Received 22nd May 2020 , Accepted 22nd July 2020

First published on 31st July 2020


Abstract

The photothermal energy conversion in hanging and floating polyaniline (PANi)-cotton fabrics is investigated using a model based on the heat diffusion equation. Perfect absorption and anti-reflection of wet hanging PANi-cotton fabrics cause quick transfer of total incident light into water confining nearly 100% of the sunlight. As a result, a hanging membrane is found to have more attractive properties than a floating above water fabric. We find, however, that the photothermal properties of a floating PANi-cotton membrane can greatly be enhanced by dispersing TiN nanoparticles in the water below the fabric. The calculated temperature gradients for TiN nanoparticle solutions show that the absorbed energy grows with increasing the nanoparticle density and that the photothermal process occurs mostly near the surface. The collective heating effects depend on the size and density of nanoparticles, which can further be used to modulate the photothermal process.


I. Introduction

Photothermal effects have been studied intensively because of their wide range of applications for efficient solar vapor generation,1 optical data storage,2 alternative cancer therapy,3,4 antibacterial activities,5 and radiative cooling.6 Under illumination of light, free electrons are collectively excited on the surface of photothermal agents. Due to surface plasmon resonance, which provides the abilities of structures to confine and enhance electromagnetic fields, the absorbed optical energy thermally dissipates into the surroundings and increases the temperature of the medium. To tailor photothermal phenomena for desired purposes, one often takes advantage of the spatial inhomogeneity of the electric fields and temperature distributions in the electron density. Additionally, it has been shown that noble metals and alternative plasmonic materials provide high efficiency of light-to-heat conversion.7,8 Also recently, researchers have started exploring environmentally friendly polymers, different types of wood, and non-metal materials in photothermal applications.9

Finding ways to use solar energy effectively is at the research forefront currently since renewable sources are needed for energy consumption. However, enhancing solar energy storage capabilities and increasing light-to-heat conversion efficiency are challenging. To avoid heat losses in a photothermal process, one of the most promising strategies is a direct energy transfer from the Sun to water for seawater desalination. Apart from using broadband solar perfect absorbers,9 it is possible to use nanostructures1,10–15 to improve solar energy absorption and increase water heating and steam generation. Several solar photothermal systems1,10–15 consist of dispersed nanostructures, and submerged and floating plasmonic membranes, which are made of porous materials, wood, plasmonic nanoparticles, and graphene oxide.15,16

The theoretical understanding of solar steam generation and energy conversion has been advanced by investigating different scenarios. For example, Neumann et al. have used a simple form of the heat diffusion equation to describe phenomenologically the photothermal formation of air bubbles around gold nanoshells in a solution.17 Other researchers have used finite element analysis to solve heat transfer equations to determine temperature distributions of a single plasmonic structure on glass substrate under simulated solar irradiation.18 In recent works,10,14 we have investigated new plasmonic heating models to calculate time-dependent temperature gradients of gold nanoshell and titanium nitride (TiN) nanoparticle solutions under solar irradiation. TiN has been known as an alternative plasmonic material, which overcomes several limitations of noble-metal materials (like gold) in terms of hardness, chemical and physical stability, a high melting point, and biocompatibility.14 Our models capture the collective effects of the nanoparticles and can quantitatively describe, for the first time, the vaporization processes for a wide range of particle concentrations. Although our theoretical results agree well with experiments,10,14 their validity is somewhat limited by the fact that the solutions were considered to be uniform with a uniform distribution of nanoparticles.

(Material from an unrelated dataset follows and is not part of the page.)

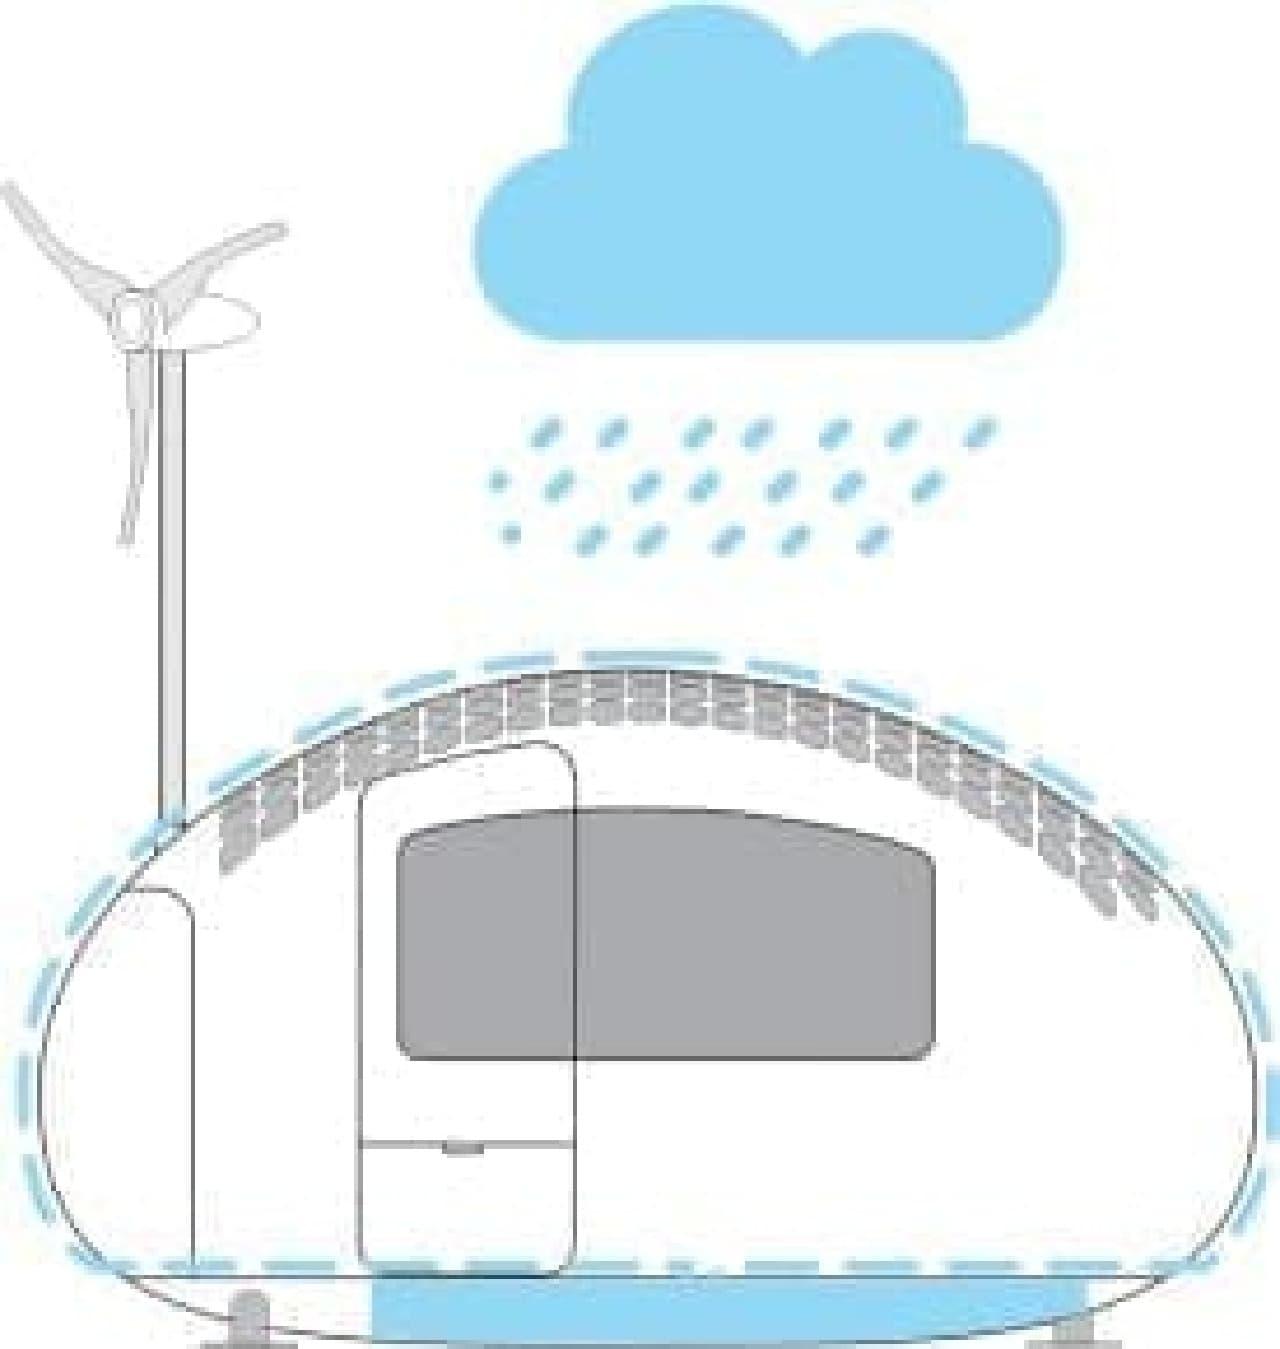 「Ecocapsule」が雨水を集め、ろ過する仕組み

In this work, the solar heating of hanging and floating on the surface of water polyaniline-cotton fabrics is theoretically investigated. Polyaniline (PANi) is an environmentally friendly low cost conducting polymer. The fabrics can be used in electronic packaging areas.19–21 In photothermal applications, some of its attractive properties are good conductivity, high absorption in the near infrared regime, and lack of toxicity. Recently, it was reported that a hanging fabric has capabilities for denser confinement of sunlight energy as compared to a floating one on seawater.9 The higher densification of energy leads to a greater temperature rise and enhanced photothermal conversion. This has been explained by the less thermal dissipation into the medium underneath the floating cotton and presence of two free surfaces of the hanging one leading to acceleration of evaporation. Our theoretical model provides qualitative and quantitative description of the results in ref. 9 and it shows how the photothermal capabilities of the floating fabric can be much increased using plasmonic nanoparticles dispersed in the water. These nanoparticles absorb sunlight energy and effectively convert this to heat. By calculating steady-state thermal gradients in these two systems including TiN nanoparticles randomly dispersed into solutions below the floating fabric, we find that the enhancement of solar energy harvesting depends on the density of the nanoparticles and their size. Remarkably, this approach can be applied to investigate photothermal responses of multilayered systems.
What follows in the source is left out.